Explore the exhibition
Continuing his four decades-long exploration of American history, literature, and society, ‘It’s Always a Little Bit Not Yet’ finds Ligon building upon his text-based works that draw from the influential words of leading 20th century cultural figures, including his ongoing series of neon installations and debris field paintings.
In the Studio: Glenn Ligon
‘I’m interested always in the things that can be said and the things that cannot be said, or the things that are difficult to say, or that remain opaque despite this will to be clear and explain…’ We joined the artist in his studio as he prepared for his fall exhibitions in New York and Switzerland.

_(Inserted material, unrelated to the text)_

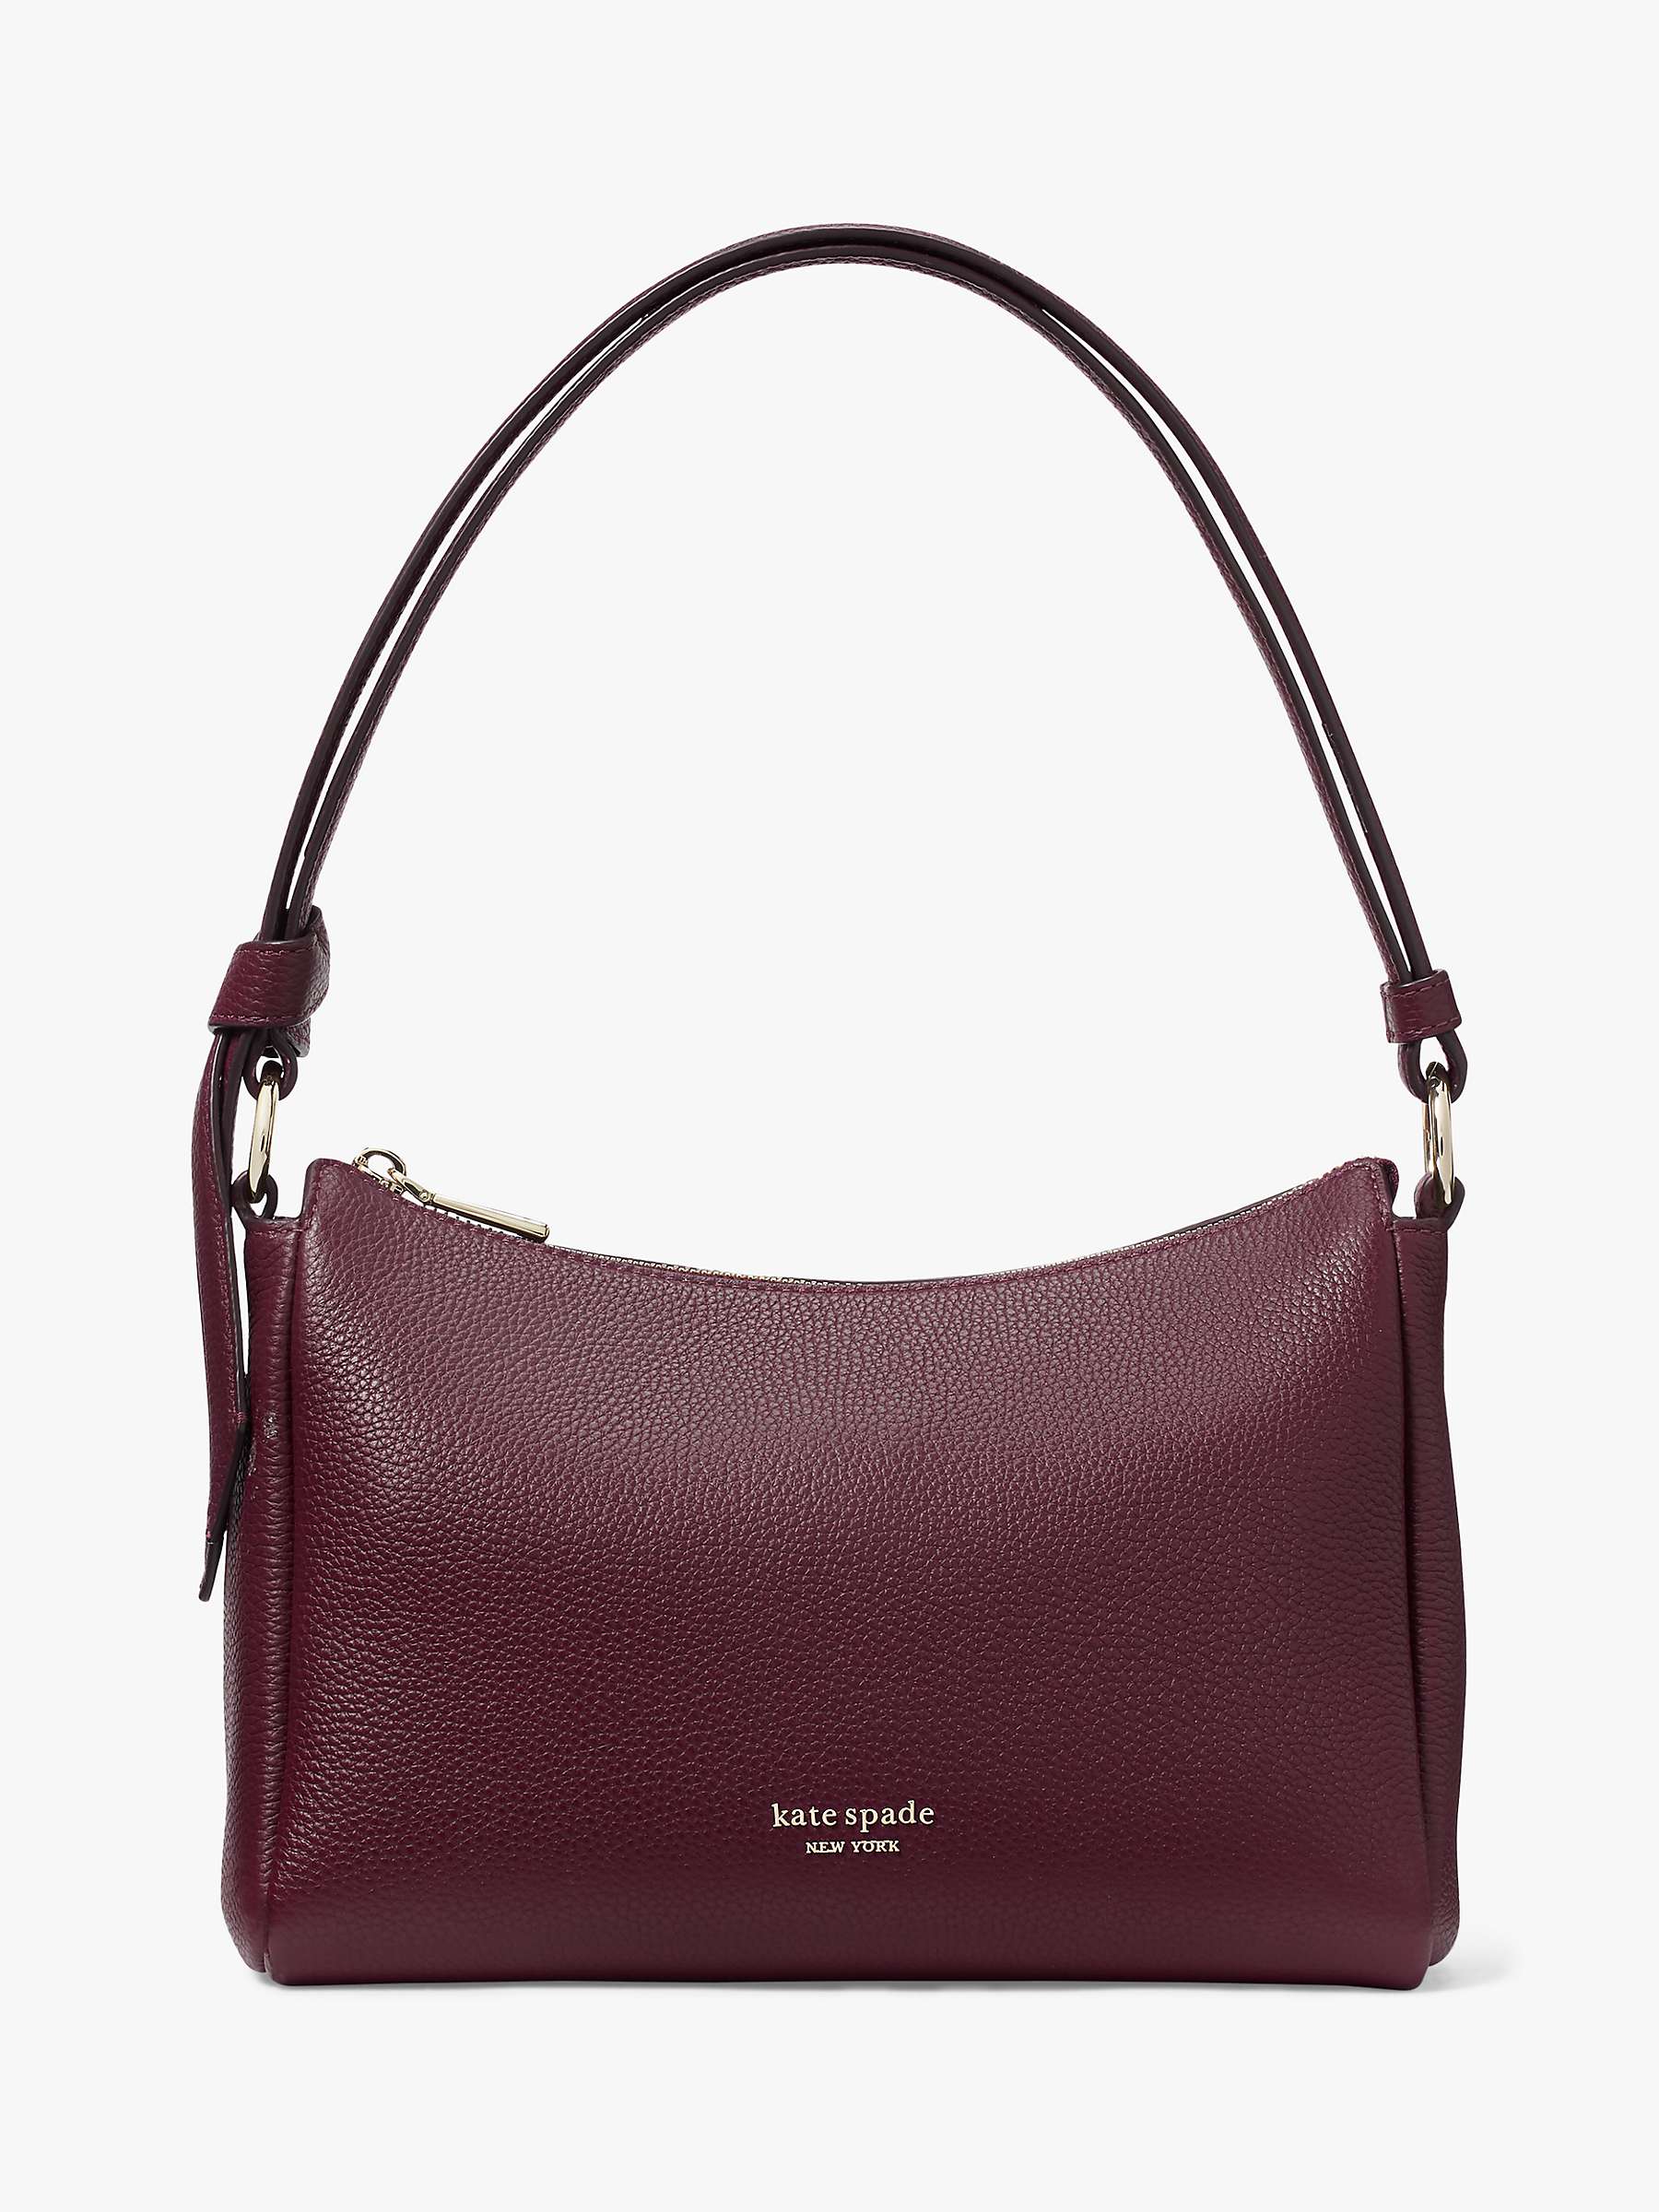 Buy kate spade new york Knott Medium Leather Shoulder Bag Online at johnlewis.com

In Conversation: Glenn Ligon with Gregg Bordowitz
To celebrate the exhibition, ‘Glenn Ligon. It’s Always a Little Bit Not Yet’ and Ligon’s new Hauser & Wirth Publishers title, ‘Work, Work, Work, Work, Work, Work,’ Glenn Ligon joined writer and artist Gregg Bordowitz for a live conversation moderated by Thomas Gebremedhin, Vice President & Executive Editor at Doubleday, at the Morgan Library & Museum in New York.

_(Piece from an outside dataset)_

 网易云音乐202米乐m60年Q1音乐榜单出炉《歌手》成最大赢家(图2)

New artist-conceived publication
‘It’s Always a Little Bit Not Yet’ is accompanied by a new Hauser & Wirth publication titled ‘Glenn Ligon: Work, Work, Work, Work, Work, Work,’ featuring Ligon’s own documentation of his studio and practice, offering a glimpse into the way the artist sees his work and understands his process. Conceived by Ligon, this artist book focuses on the past four years, tracing the trajectory of his artmaking and intimately chronicling the development of paintings, neons, and works on paper, as well as time spent in his studio spaces and other personal moments.
The cornerstone of the exhibition is Ligon’s ‘Stranger (Full Text) #2’ (2020-2021), which is rendered in black oil stick and coal dust. Measuring 45 feet long, this new benchmark work utilizes James Baldwin’s essay in its entirety. In the essay, Baldwin recounts his experience of visiting the small mountain village of Leukerbad, Switzerland.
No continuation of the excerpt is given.